The full listing, copied exactly and free of pictures, is the expected reply.
======== Raw data ========
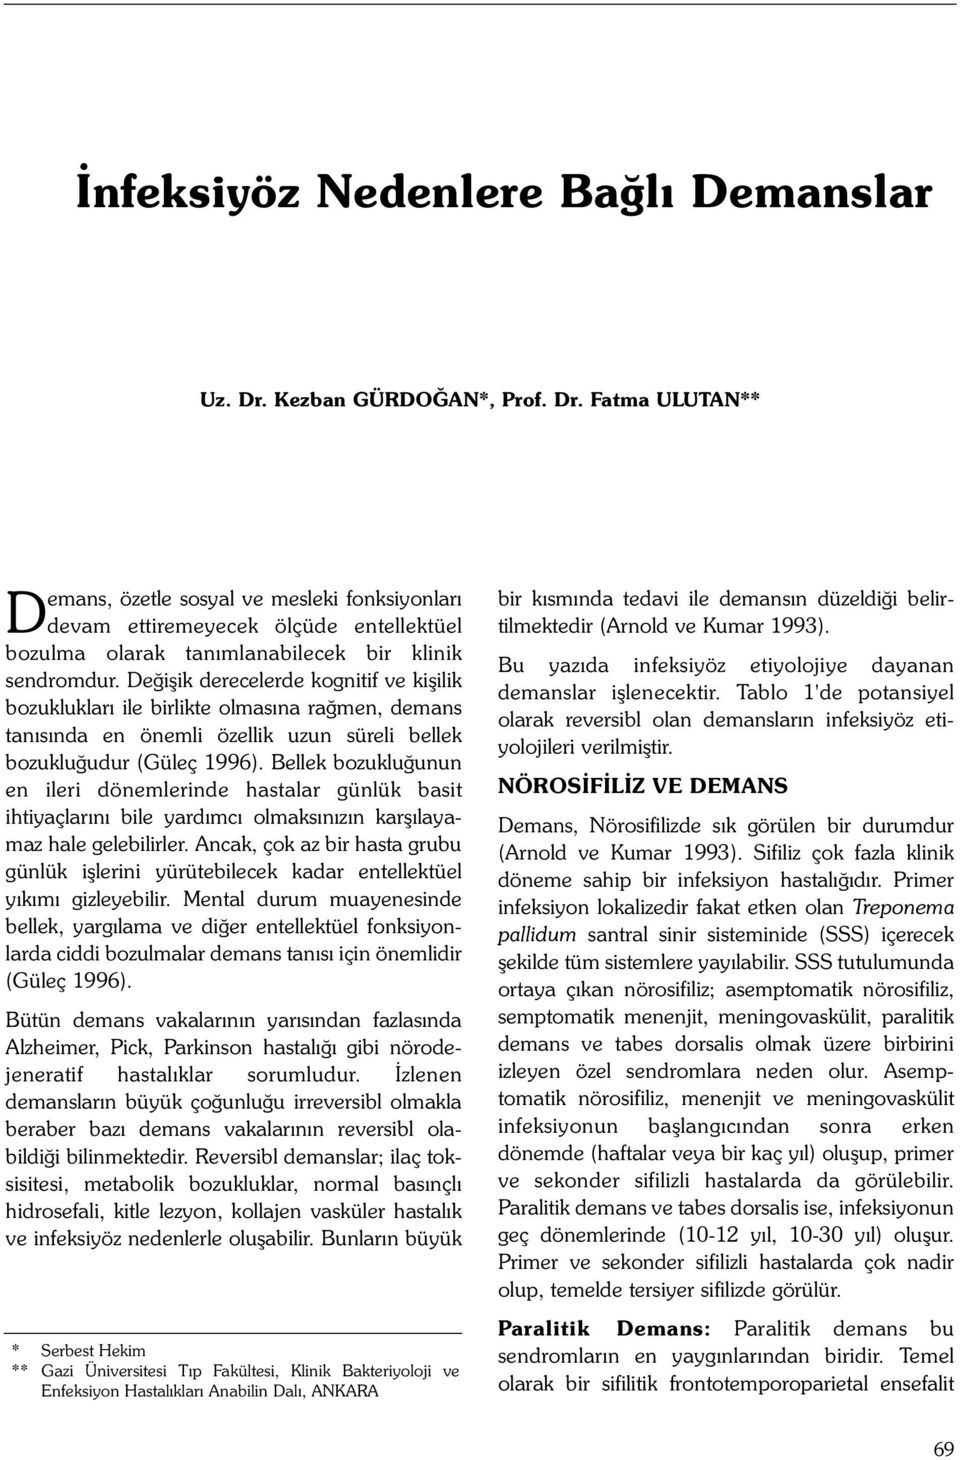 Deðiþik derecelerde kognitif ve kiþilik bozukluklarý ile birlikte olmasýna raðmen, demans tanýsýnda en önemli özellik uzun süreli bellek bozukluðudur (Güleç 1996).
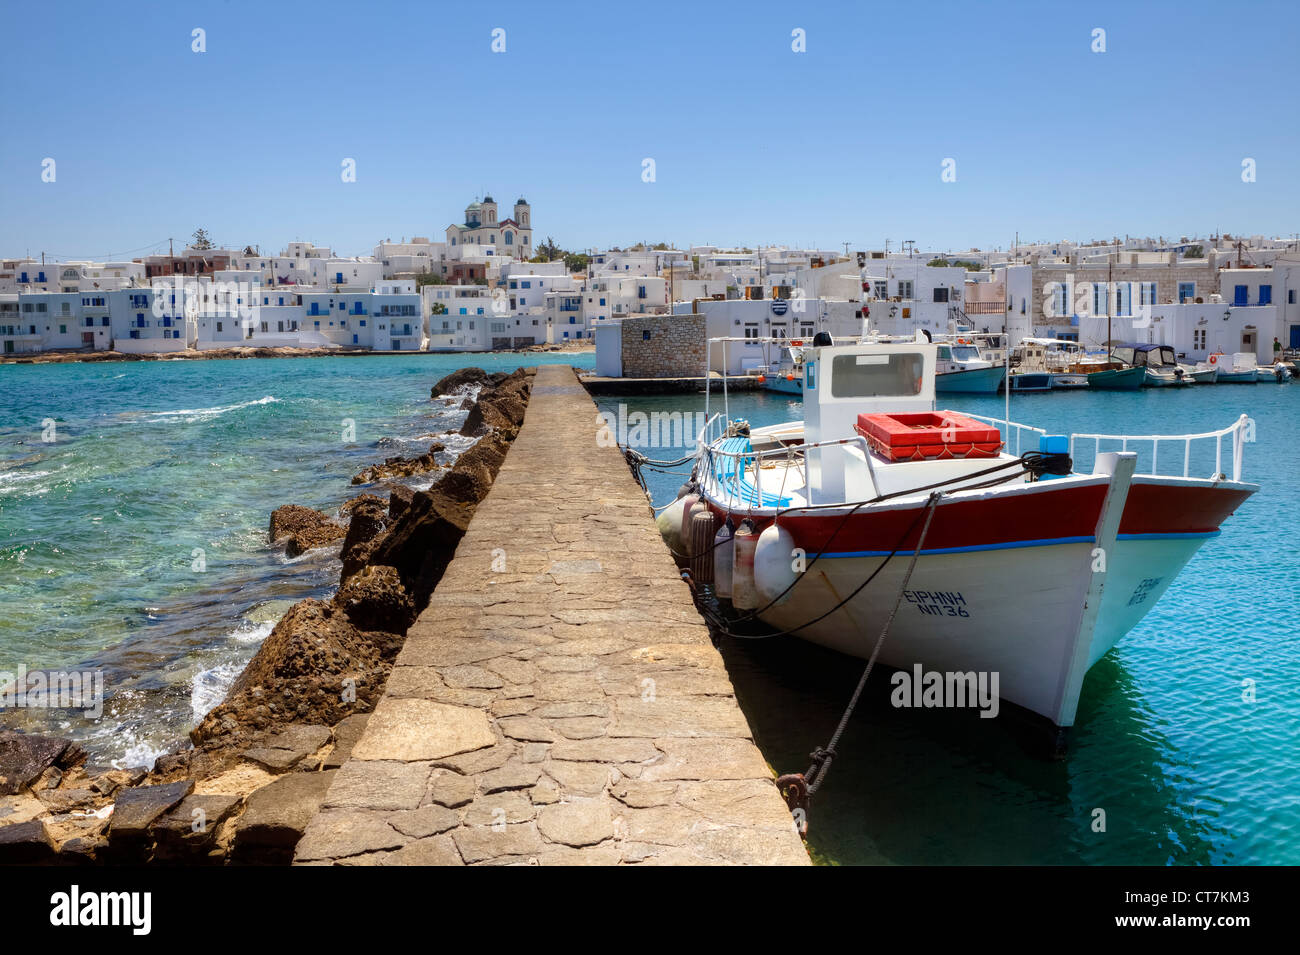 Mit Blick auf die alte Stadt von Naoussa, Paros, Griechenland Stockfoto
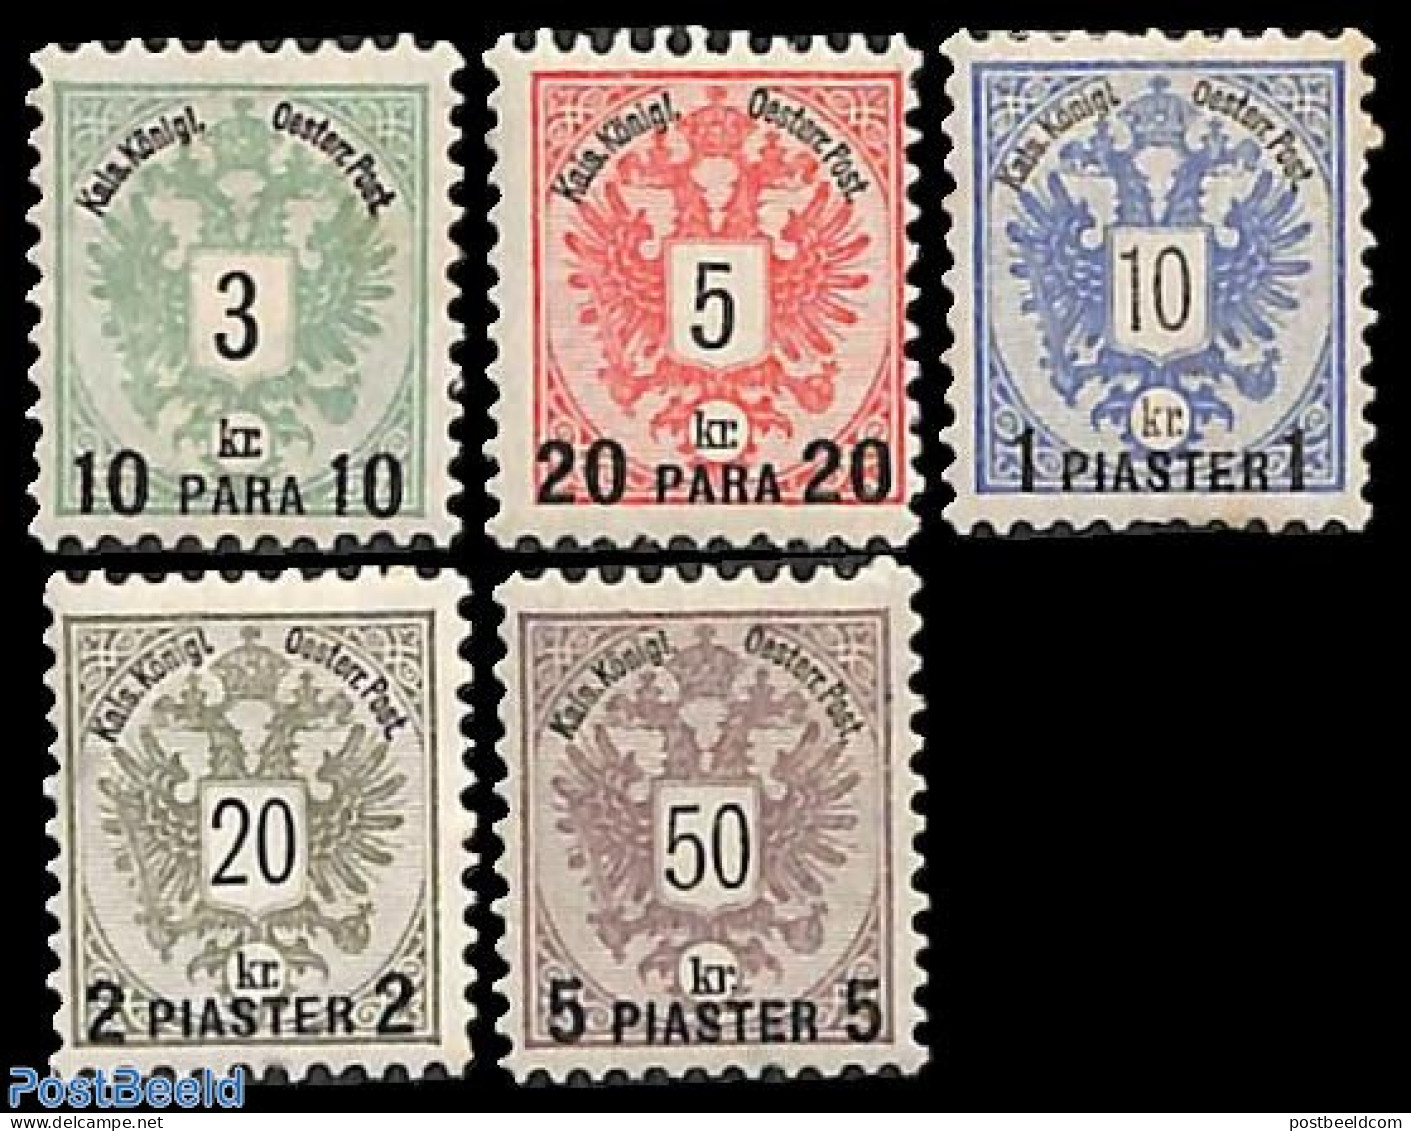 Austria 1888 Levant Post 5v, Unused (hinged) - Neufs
========
**Written answer**:
 Deðiþik derecelerde kognitif ve kiþilik bozukluklarý ile birlikte olmasýna raðmen, demans tanýsýnda en önemli özellik uzun süreli bellek bozukluðudur (Güleç 1996).
 Mit Blick auf die alte Stadt von Naoussa, Paros, Griechenland Stockfoto
 Austria 1888 Levant Post 5v, Unused (hinged) - Neufs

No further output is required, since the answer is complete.